Rodario has joined #ste||ar
Rodario1 has quit [Ping timeout: 240 seconds]
* zao
shakes a tiny fist at hwloc
<zao>
Or rather, HPX's assumptions about machine structure :P
<jbjnr>
zao: what assumptions?
mcopik has joined #ste||ar
<zao>
jbjnr: As far as I got before I stopped hacking, it assumes that a core has PU children directly below.
<zao>
I've got a machine that doesn't expose "core" to hwloc at all, due to a bit of lack of OS support.
<zao>
Also no cache or package info.
<zao>
Might have to fix the OS in this case.
<zao>
Or just not try to build on it anymore.
<zao>
The day someone builds a cluster on DragonFlyBSD, I'll be very scared.
<jbjnr>
hmmm. not strictly an hpx failed assumption then. is it a show stopper or have you worked around it?
<zao>
I gave up.
<jbjnr>
hmmm
<zao>
Got no idea what the code is supposed to be used for, and where else it's assumed to be like that.
<jbjnr>
pus - but no cores - we ought to be able to work around that
<jbjnr>
just assume that if cores is zero, we set it to #pus - but then the affinity masks would be incorrect. yes it might be a serious problem
<jbjnr>
cos everything in hwloc uses masks for cores/domains etc
<zao>
I should upstream what I have for now, but it's still rather broken logically.
<zao>
At least we found a hang in the RP ctor :)

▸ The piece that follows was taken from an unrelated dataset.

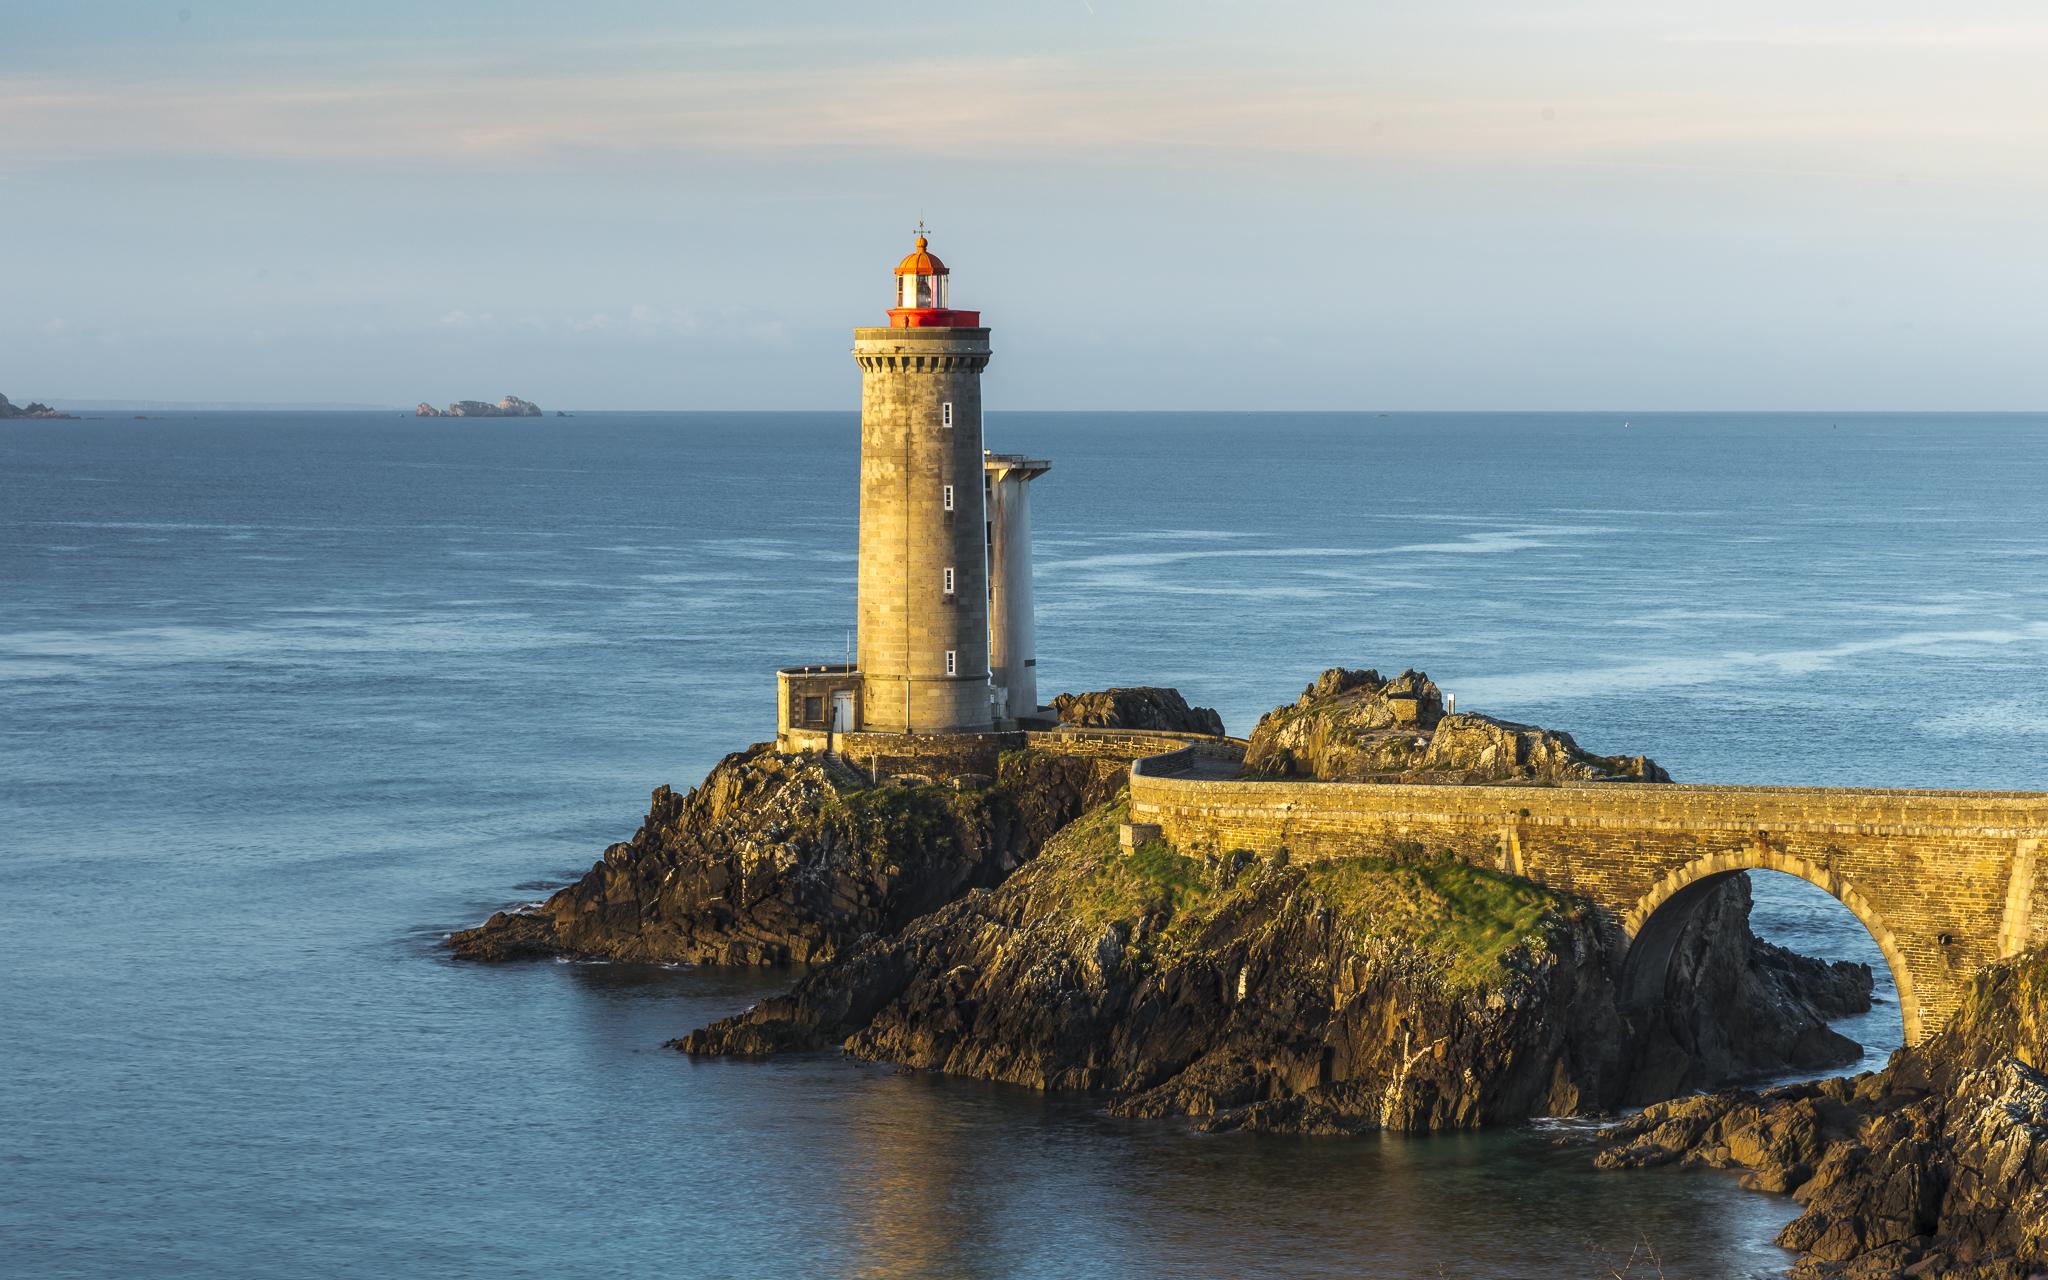 Phare du Petit Minou in the early morning sun, Finistère, France

Rodario1 has joined #ste||ar
Rodario has quit [Ping timeout: 240 seconds]
aserio has quit [Quit: aserio]
Rodario has joined #ste||ar
Rodario1 has quit [Ping timeout: 252 seconds]
bikineev has joined #ste||ar
Rodario1 has joined #ste||ar
diehlpk_work has quit [Quit: Leaving]
Rodario has quit [Ping timeout: 248 seconds]
mcopik has quit [Ping timeout: 240 seconds]
Rodario has joined #ste||ar
Rodario1 has quit [Ping timeout: 240 seconds]
EverYoung has quit [Remote host closed the connection]
Rodario1 has joined #ste||ar
Rodario has quit [Ping timeout: 260 seconds]
Rodario1 has quit [Client Quit]
Rodario has joined #ste||ar
bikineev has quit [Remote host closed the connection]
Rodario has quit [Quit: Leaving.]
Rodario has joined #ste||ar
Rodario has quit [Quit: Leaving.]
zbyerly_ has joined #ste||ar
bikineev has joined #ste||ar
Matombo has quit [Remote host closed the connection]